Figure 5 illustrates in greater detail the forwarding data structures stored 
in system memory at 501, and illustrates the packet forwarding ingress and 
egress processing method at 502. The data structure elements and ingress and 
egress processing are described in greater detail in a specific embodiment of the 
present invention described later in this document in greater detail 

While the hardware forwarding engine on the IP Service Generator 
provides the fundamental packet forwarding functions and capability, IPNOS, or 
any other network operating system, needs to be able to take advantage of this 
capability to relieve itself of the burden of providing the basic forwarding and 
other IP services. The Packet Forwarding Engine Driver (PFED) API provides 
IPNOS a flexible interface to the PFE hardware. 

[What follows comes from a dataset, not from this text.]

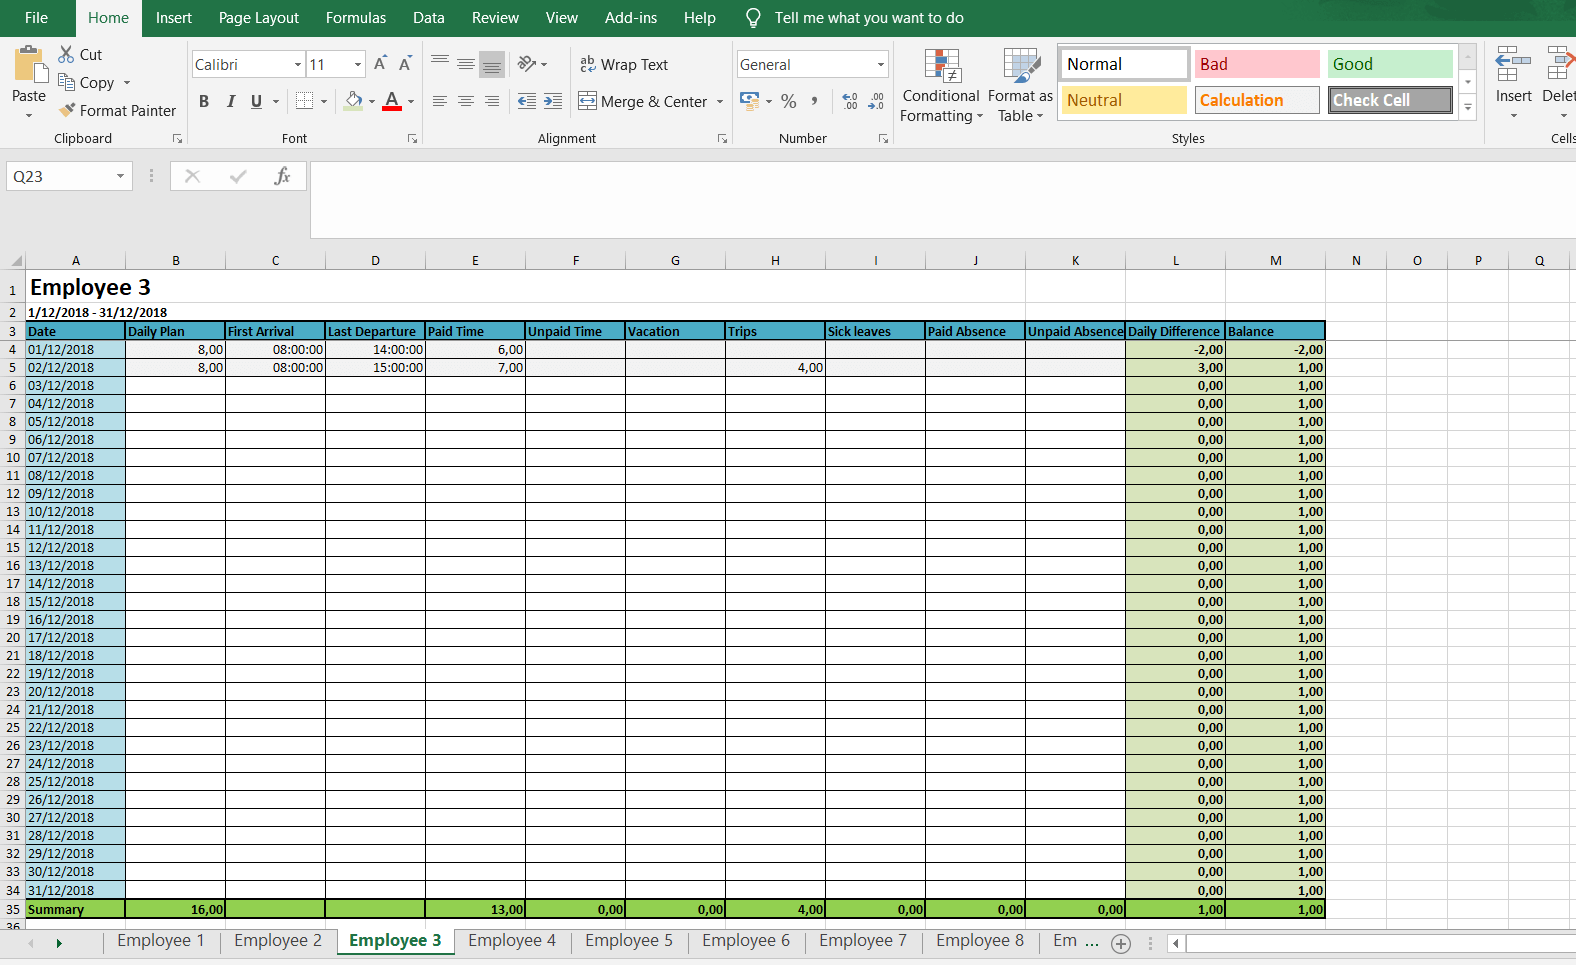 excel timesheet template download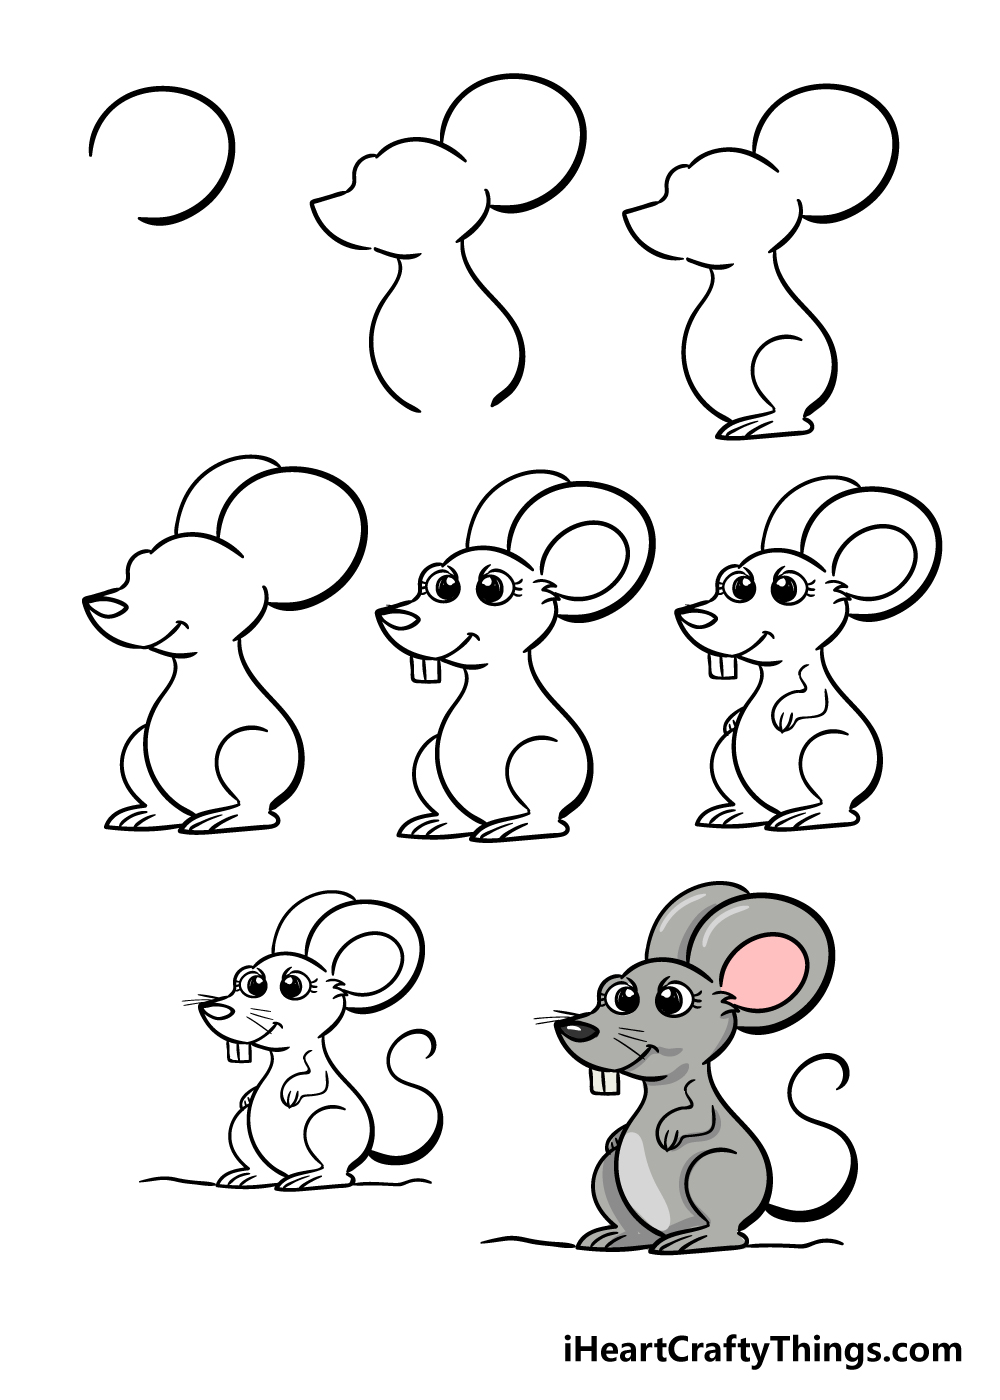 how to draw a mouse in 8 steps

The Hardware Forwarding Engine can operate either in Prefix mode or 
Flow mode. In prefix mode the forwarding is based on some number of bits of 
the destination IP address of packet itself; no other IP services such as filtering 
are available. In Flow mode, the forwarding is still based on the destination 
address but, for the purpose of providing IP services, packets are classified into 
"flows," a flow being characterized by many parameters associated with it. 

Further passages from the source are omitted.